(Dataset excerpts)
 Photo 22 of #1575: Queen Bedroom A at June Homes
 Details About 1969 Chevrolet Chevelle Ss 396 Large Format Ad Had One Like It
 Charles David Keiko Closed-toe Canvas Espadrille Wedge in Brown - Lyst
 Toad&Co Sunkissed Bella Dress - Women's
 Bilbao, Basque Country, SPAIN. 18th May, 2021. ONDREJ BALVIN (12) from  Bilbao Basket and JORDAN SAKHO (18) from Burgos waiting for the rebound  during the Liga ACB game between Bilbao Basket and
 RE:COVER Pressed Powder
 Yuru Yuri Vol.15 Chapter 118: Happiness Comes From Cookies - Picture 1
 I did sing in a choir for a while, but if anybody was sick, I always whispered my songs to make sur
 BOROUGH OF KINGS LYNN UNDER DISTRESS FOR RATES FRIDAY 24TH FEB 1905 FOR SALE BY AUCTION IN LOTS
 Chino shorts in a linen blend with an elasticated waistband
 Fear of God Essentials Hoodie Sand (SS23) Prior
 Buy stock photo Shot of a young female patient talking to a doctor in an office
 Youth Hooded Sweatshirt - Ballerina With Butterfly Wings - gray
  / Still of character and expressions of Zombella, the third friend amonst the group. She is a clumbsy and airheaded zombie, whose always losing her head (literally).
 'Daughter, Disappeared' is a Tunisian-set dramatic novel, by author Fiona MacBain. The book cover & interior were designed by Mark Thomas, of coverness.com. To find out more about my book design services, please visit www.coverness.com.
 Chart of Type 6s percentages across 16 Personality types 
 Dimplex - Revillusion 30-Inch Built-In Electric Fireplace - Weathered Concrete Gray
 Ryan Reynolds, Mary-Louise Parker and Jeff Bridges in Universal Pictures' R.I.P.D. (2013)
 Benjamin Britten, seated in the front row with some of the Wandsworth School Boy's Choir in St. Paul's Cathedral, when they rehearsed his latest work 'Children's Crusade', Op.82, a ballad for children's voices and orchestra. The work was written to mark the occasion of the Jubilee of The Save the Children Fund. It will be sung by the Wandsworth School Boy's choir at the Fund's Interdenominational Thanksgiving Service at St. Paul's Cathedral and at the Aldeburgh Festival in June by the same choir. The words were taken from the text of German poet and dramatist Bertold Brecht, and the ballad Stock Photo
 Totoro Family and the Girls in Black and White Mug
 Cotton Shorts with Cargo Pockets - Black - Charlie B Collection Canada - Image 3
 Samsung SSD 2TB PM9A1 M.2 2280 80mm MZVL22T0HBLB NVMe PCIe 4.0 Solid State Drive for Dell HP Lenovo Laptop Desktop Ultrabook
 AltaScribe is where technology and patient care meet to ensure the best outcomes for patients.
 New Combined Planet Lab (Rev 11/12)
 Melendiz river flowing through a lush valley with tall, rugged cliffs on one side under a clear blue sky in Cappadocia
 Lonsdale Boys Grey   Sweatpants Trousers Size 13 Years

▶ TO DO:
Please write out, exactly as they appear, the line that contains "Benjamin Britten, seated" and every line after it up to the end of the entries above, and no others.

▶ RESPONSE:
 Benjamin Britten, seated in the front row with some of the Wandsworth School Boy's Choir in St. Paul's Cathedral, when they rehearsed his latest work 'Children's Crusade', Op.82, a ballad for children's voices and orchestra. The work was written to mark the occasion of the Jubilee of The Save the Children Fund. It will be sung by the Wandsworth School Boy's choir at the Fund's Interdenominational Thanksgiving Service at St. Paul's Cathedral and at the Aldeburgh Festival in June by the same choir. The words were taken from the text of German poet and dramatist Bertold Brecht, and the ballad Stock Photo
 Totoro Family and the Girls in Black and White Mug
 Cotton Shorts with Cargo Pockets - Black - Charlie B Collection Canada - Image 3
 Samsung SSD 2TB PM9A1 M.2 2280 80mm MZVL22T0HBLB NVMe PCIe 4.0 Solid State Drive for Dell HP Lenovo Laptop Desktop Ultrabook
 AltaScribe is where technology and patient care meet to ensure the best outcomes for patients.
 New Combined Planet Lab (Rev 11/12)
 Melendiz river flowing through a lush valley with tall, rugged cliffs on one side under a clear blue sky in Cappadocia
 Lonsdale Boys Grey   Sweatpants Trousers Size 13 Years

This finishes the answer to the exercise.